I know it is a lot of trouble,

I think that expectation is prolly a bit much. I've seen NIB factory drivers not packed that bombproof. I've shipped dozens of drivers and your shipper had the right idea, but messed up with the Styrofoam; it's to hard and will transmit shocks, which is exactly what happened to you. It may work well against solid wood cases, but on delicate items you need a padding that will absord the shock, not transmit it.

When I ship, I either mount a single speaker to a piece of corrugated cardboard or a pair face to face and wrap it in about 1 1/2" of bubble wrap, the 1/2" bubble kind. Then that get packed into a carton with at least 3" of clearance on each side and stuff it full of used shrink wrap. The shrink wrap is an excellent material as it conforms to the shape of the item, immobilizes it and will absorb shocks. Plus I get it free and do not have to pass that cost on to the buyer.

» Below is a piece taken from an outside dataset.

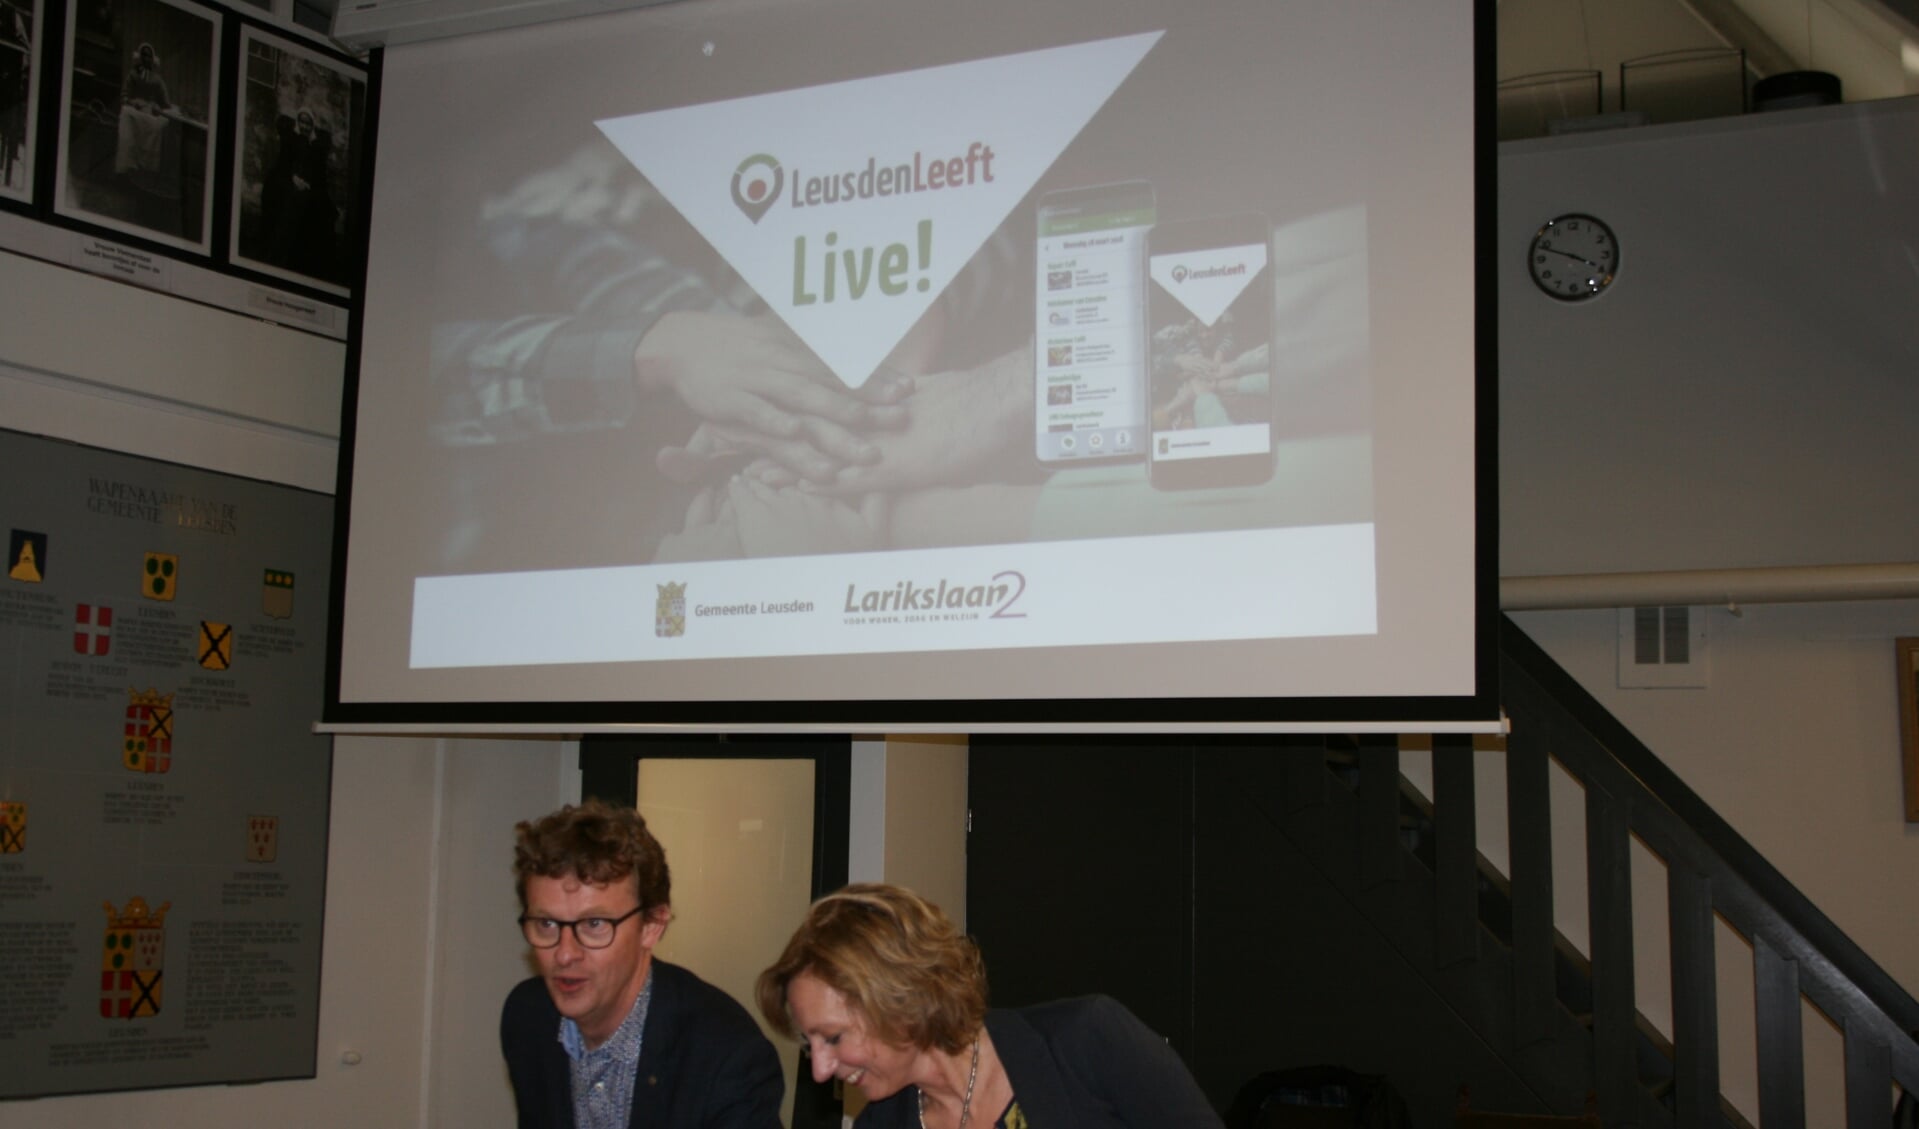 Jan Overweg (wethouder) en Hester Frank (directeur Larikslaan2) demonstreren app ‘LeusdenLeeft’.

Glad you were able to resurrect those driver though; they're some might fine woofers.
 
rek50 said:
I got a pair of 2213's (heavier frame) shipped from California. They were in perfect/intact condition. The thoughtful shipper used three boxes. Each speaker was sandwiched between 1" thick styrofoam, with four big blocks of foam, glued to the inside of the box, to prevent the speaker from shifting, side to side/front to back. The two boxed speakers were inside a large box, sitting side by side, not face to face. There was foam around all sides of the two boxes, to cushion them inside the larger box. The outside was marked FRAGILE-GLASS. Shipped by Fed-X.
Humm, excellent idea, would save a lot of time in comparison of what I did.
 
The S-Foam used (White) in my packing had some "Give" to it. It wasn't the "Rigid" (Pink/Blue) insulation type found at Home Depot, but rather the cheaper white stuff they have.